The specific terms of the loan guarantee are shrouded in secrecy. However, Freedom of Information Act requests and litigation revealed that the credit subsidy fee offered to Southern Company ranged from 0.8 to 1.5 percent (documents released through this Freedom of Information Act request are available online). The credit subsidy fee is supposed to insulate against default, but the subsidy fee offered to Southern Company is woefully inadequate to cover the risks involved in major nuclear construction. According to the Nuclear Regulatory Commission, 32 percent of reactor construction is cancelled before any electricity is produced.

In the more than three years since the conditional loan guarantees were initially offered to Southern Company and its partners (see note) in the Vogtle reactors they have faced multiple lawsuits and had their credit ratings downgraded. Cost overruns and schedule delays have plagued the Vogtle reactors from the beginning, drawing criticism from independent monitors and driving credit downgrades for the Vogtle partners.

The Department of Energy, Office of Management and Budget and other federal offices overseeing the Vogtle loan guarantee should take advantage of the current delay to reassess the risks of the projects. Among these risks, in addition to construction problems and depressed credit ratings, are the continually unfolding lessons from the Fukushima Dai-ichi catastrophe.

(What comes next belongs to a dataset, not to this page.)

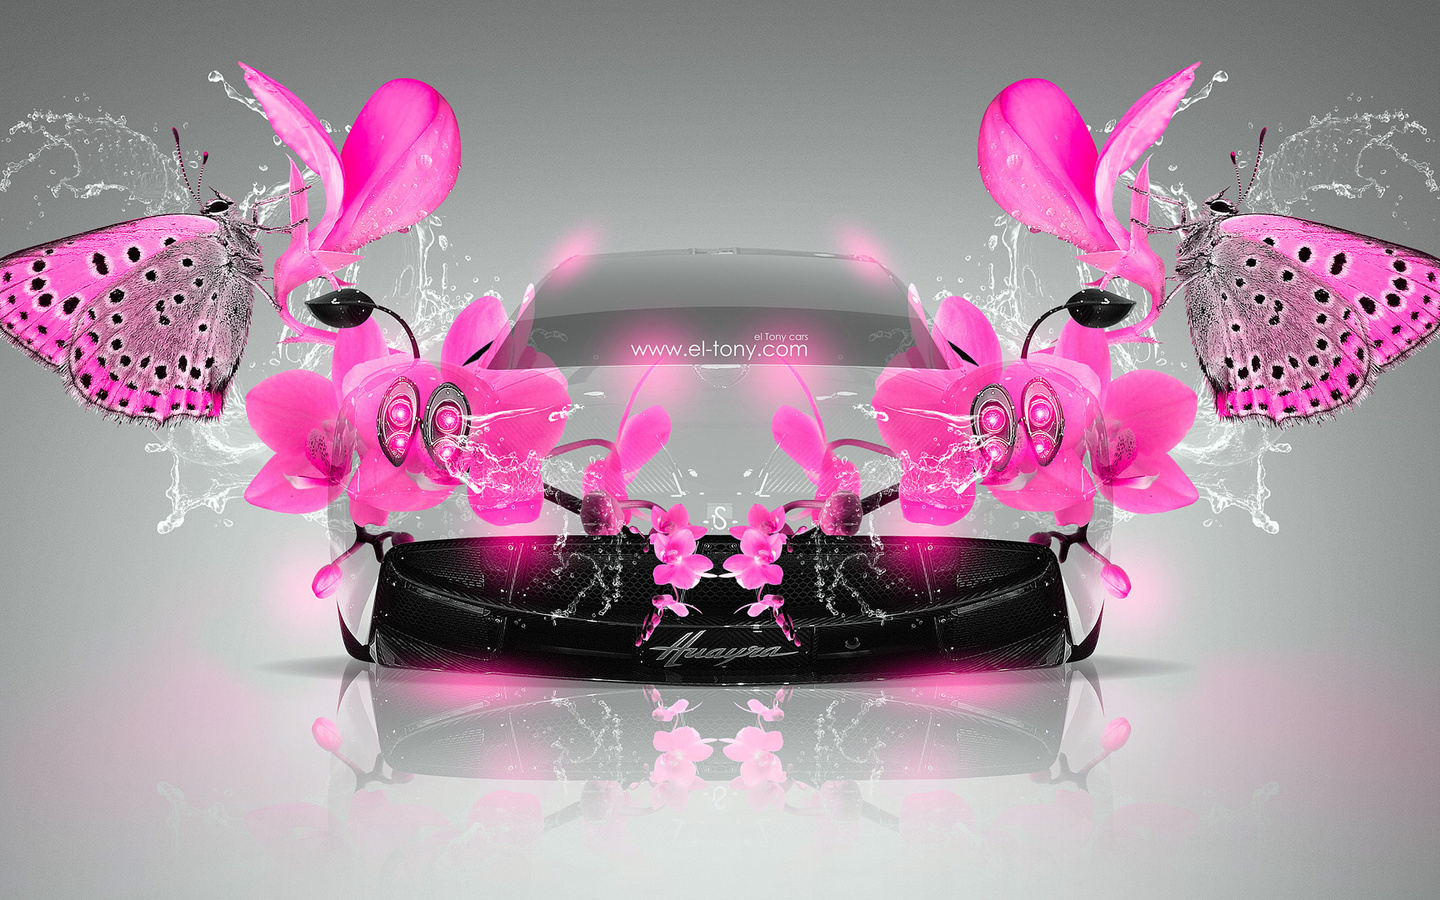 tony kokhan, pagani, huayra, fantasy, flowers, butterfly, water, pink, colors, glamour, el tony cars, photoshop, design, art,  , , , , , , , , , , , , , , ,

Friends of the Earth’s nuclear subsidies campaigner Katherine Fuchs commented on the missed loan guarantee deadline saying, “This delay only highlights what we already know, the federal loan guarantee program is broken. Tax dollars should not be propping up mature technologies like nuclear reactors, especially not at bargain basement prices like we’re seeing with the Vogtle loan guarantee. Rather then continuing to extend the deadline the Department of Energy should protect taxpayers and the environment by walking away from risky the Vogtle reactors.”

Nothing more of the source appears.